Personal information
- Born: 12 August 1995 (age 30) Sumgait, Azerbaijan

Sport
- Country: Azerbaijan
- Sport: Amateur wrestling
- Event: Greco-Roman

Medal record
Men's Greco-Roman wrestling
Representing Azerbaijan
World Championships
| Silver medal – second place | 2023 Belgrade | 63 kg |
| Bronze medal – third place | 2021 Oslo | 60 kg |
European Championships
| Gold medal – first place | 2024 Bucharest | 63 kg |
| Silver medal – second place | 2018 Kaspiysk | 60 kg |
| Bronze medal – third place | 2022 Budapest | 60 kg |
Islamic Solidarity Games
| Silver medal – second place | 2021 Konya | 60 kg |
| Bronze medal – third place | 2017 Baku | 59 kg |
Grand Prix
| Gold medal – first place | 2022 Rome | 60 kg |
| Gold medal – first place | 2023 Budapest | 63 kg |
| Gold medal – first place | 2024 Budapest | 63 kg |
European U23 Championship
| Gold medal – first place | 2017 Szombathely | 59 kg |
| Bronze medal – third place | 2018 İstanbul | 60 kg |
World Junior Championships
| Gold medal – first place | 2014 Zagreb | 55 kg |
| Gold medal – first place | 2015 Salvador | 55 kg |
European Juniors Championships
| Gold medal – first place | 2014 Katowice | 55 kg |
| Silver medal – second place | 2015 İstanbul | 55 kg |

= Murad Mammadov =

Azerbaijani Greco-Roman wrestler

Murad Mammadov (Murad Məmmədov; born 12 August 1995) is an Azerbaijani Greco-Roman wrestler. He is a two-time medalist at the World Wrestling Championships and three-time medalist, including gold, at the European Wrestling Championships. He represented Azerbaijan at the 2024 Summer Olympics in Paris, France.

== Career ==

In 2021, Mammadov won a bronze medal in the 60 kg event at the 2021 World Wrestling Championships held in Oslo, Norway.

Mammadov also won a bronze medal in the 60 kg event at the 2022 European Wrestling Championships held in Budapest, Hungary. A few months later, he won the gold medal in his event at the Matteo Pellicone Ranking Series 2022 in Rome, Italy. He won the silver medal in his event at the 2021 Islamic Solidarity Games held in Konya, Turkey.
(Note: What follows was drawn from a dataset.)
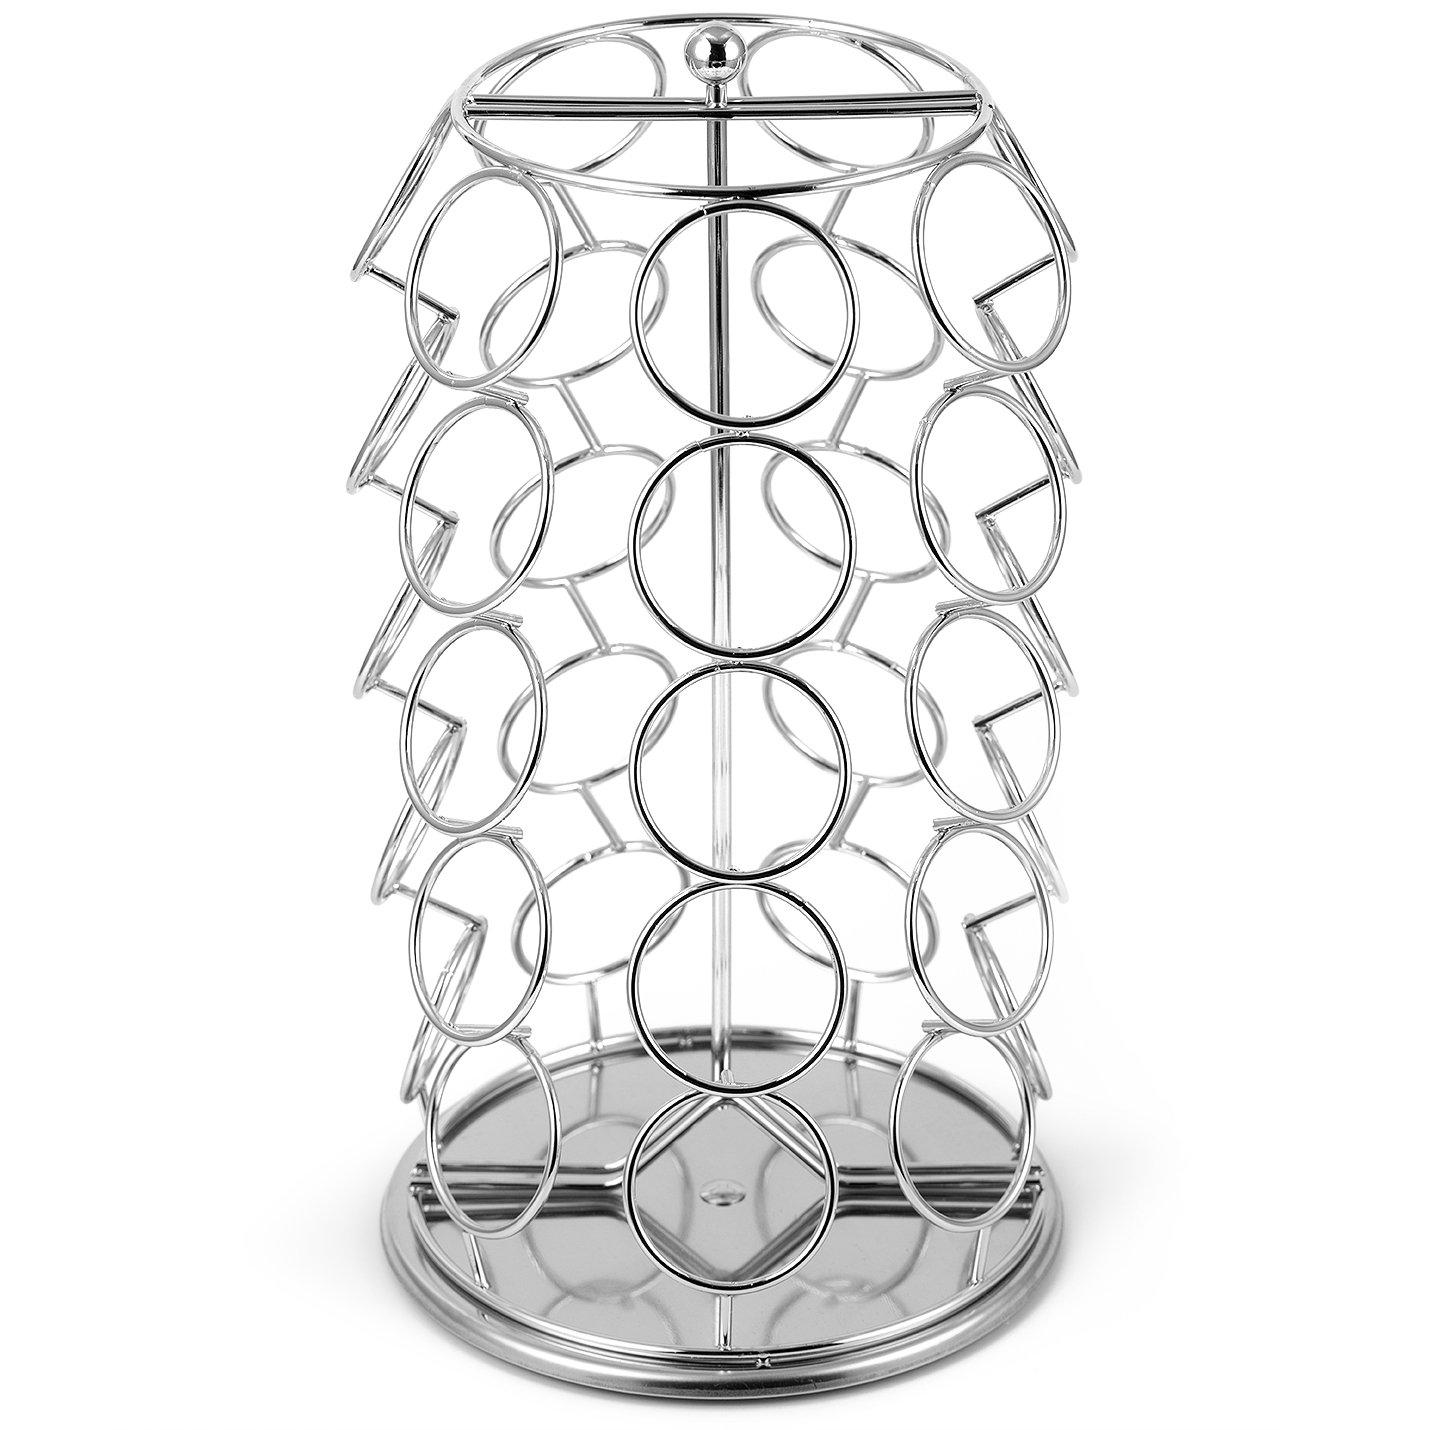 K Cup Holderoak Leaf Coffee Storage Spinning Carousel Organizer For Keurig K-.. 10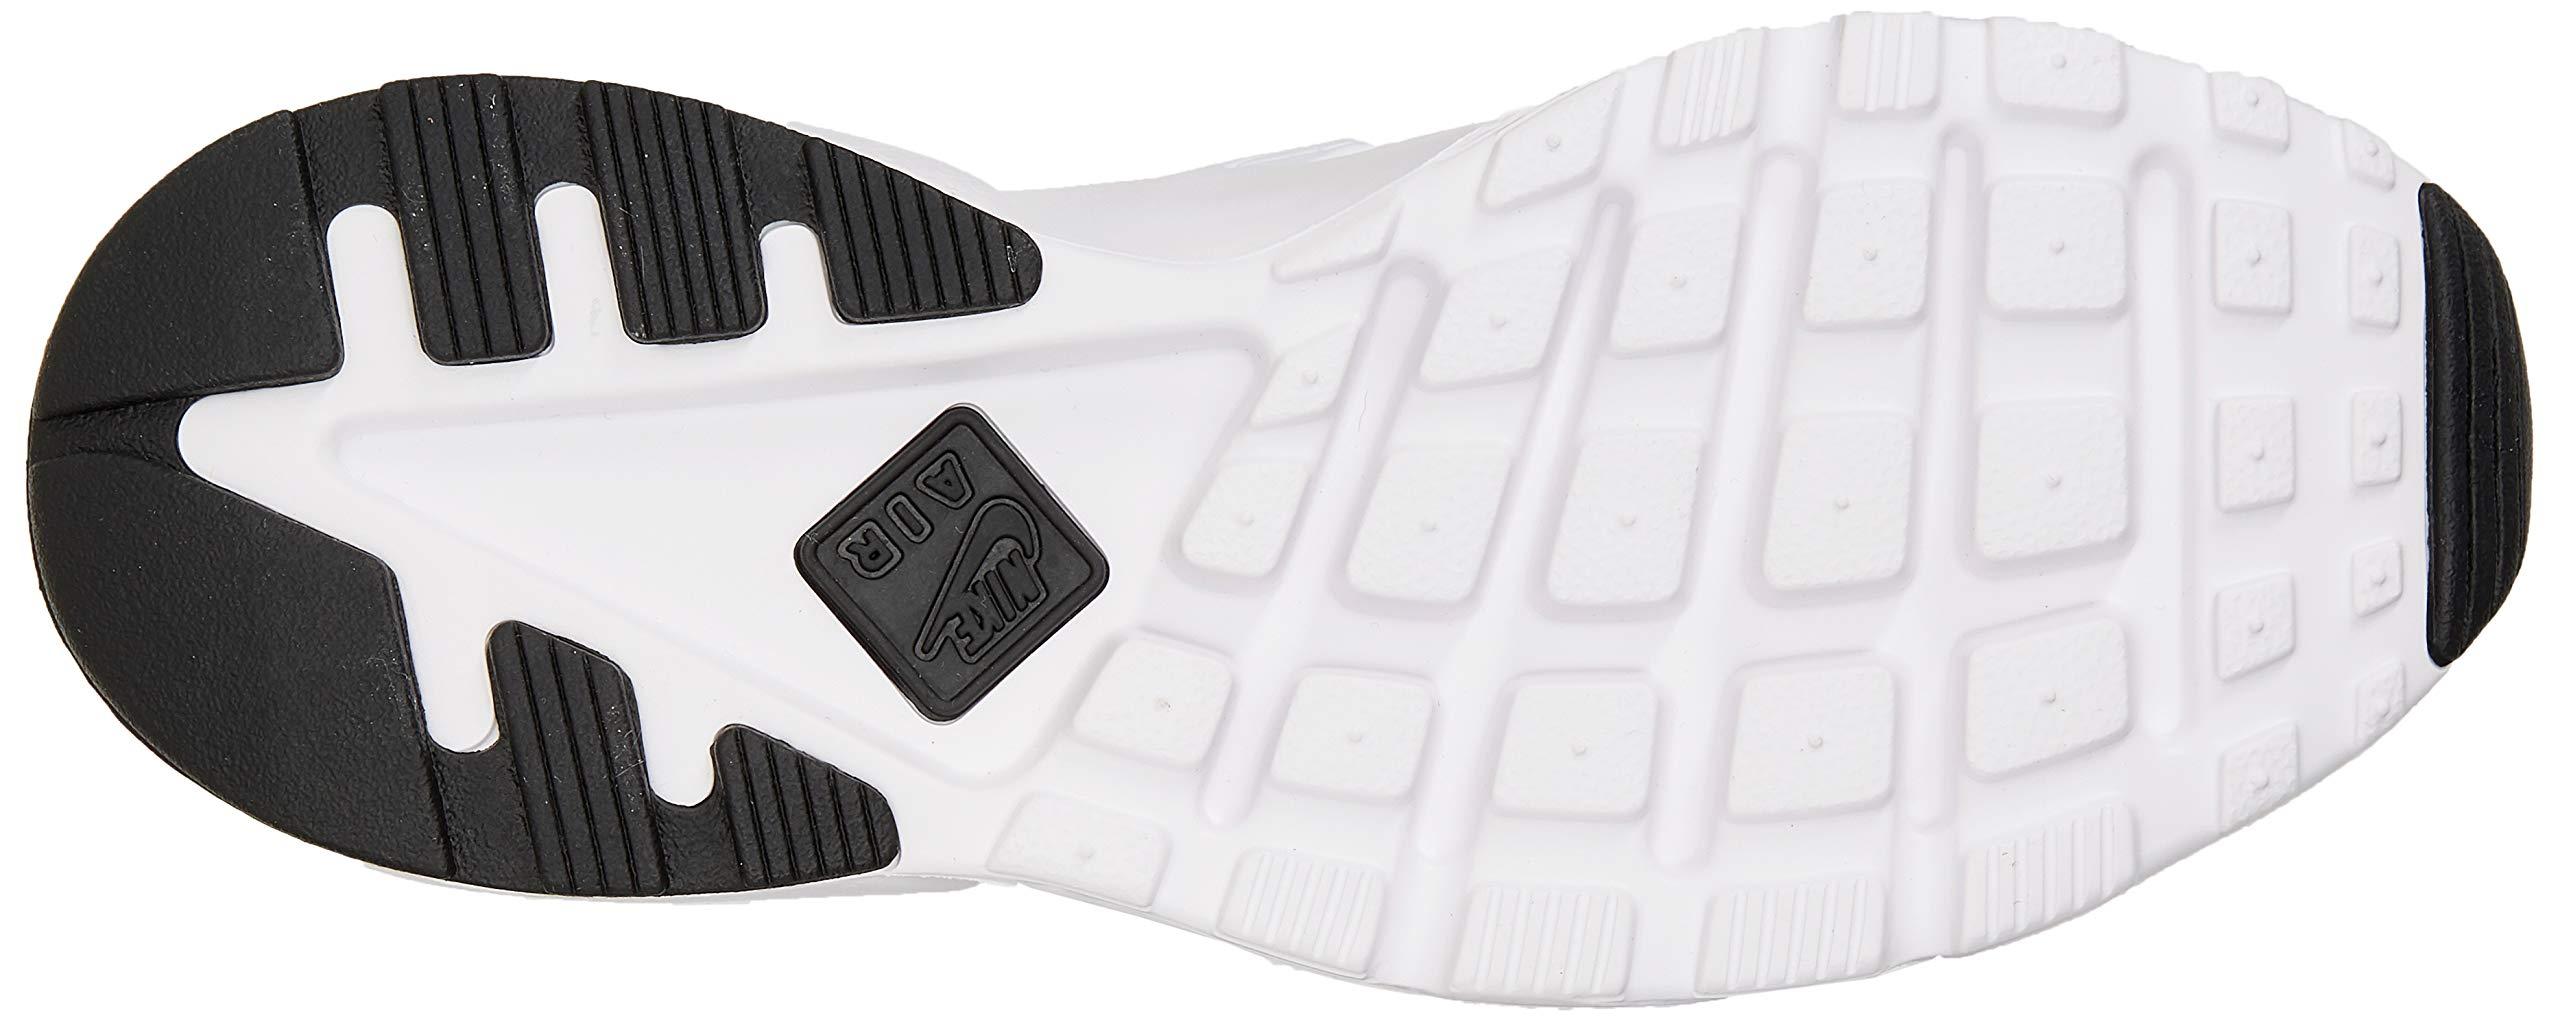 71opgz7tTzL - Nike Men's Air Huarache Run Ultra Se Gymnastics Shoes

Mammadov won the gold medal in the 63 kg event at the 2024 European Wrestling Championships held in Bucharest, Romania, defeating Oleksandr Hrushyn of Ukraine in the final. He earned a quota place for Azerbaijan for the 2024 Summer Olympics at the World Wrestling Olympic Qualification Tournament held in Istanbul, Turkey.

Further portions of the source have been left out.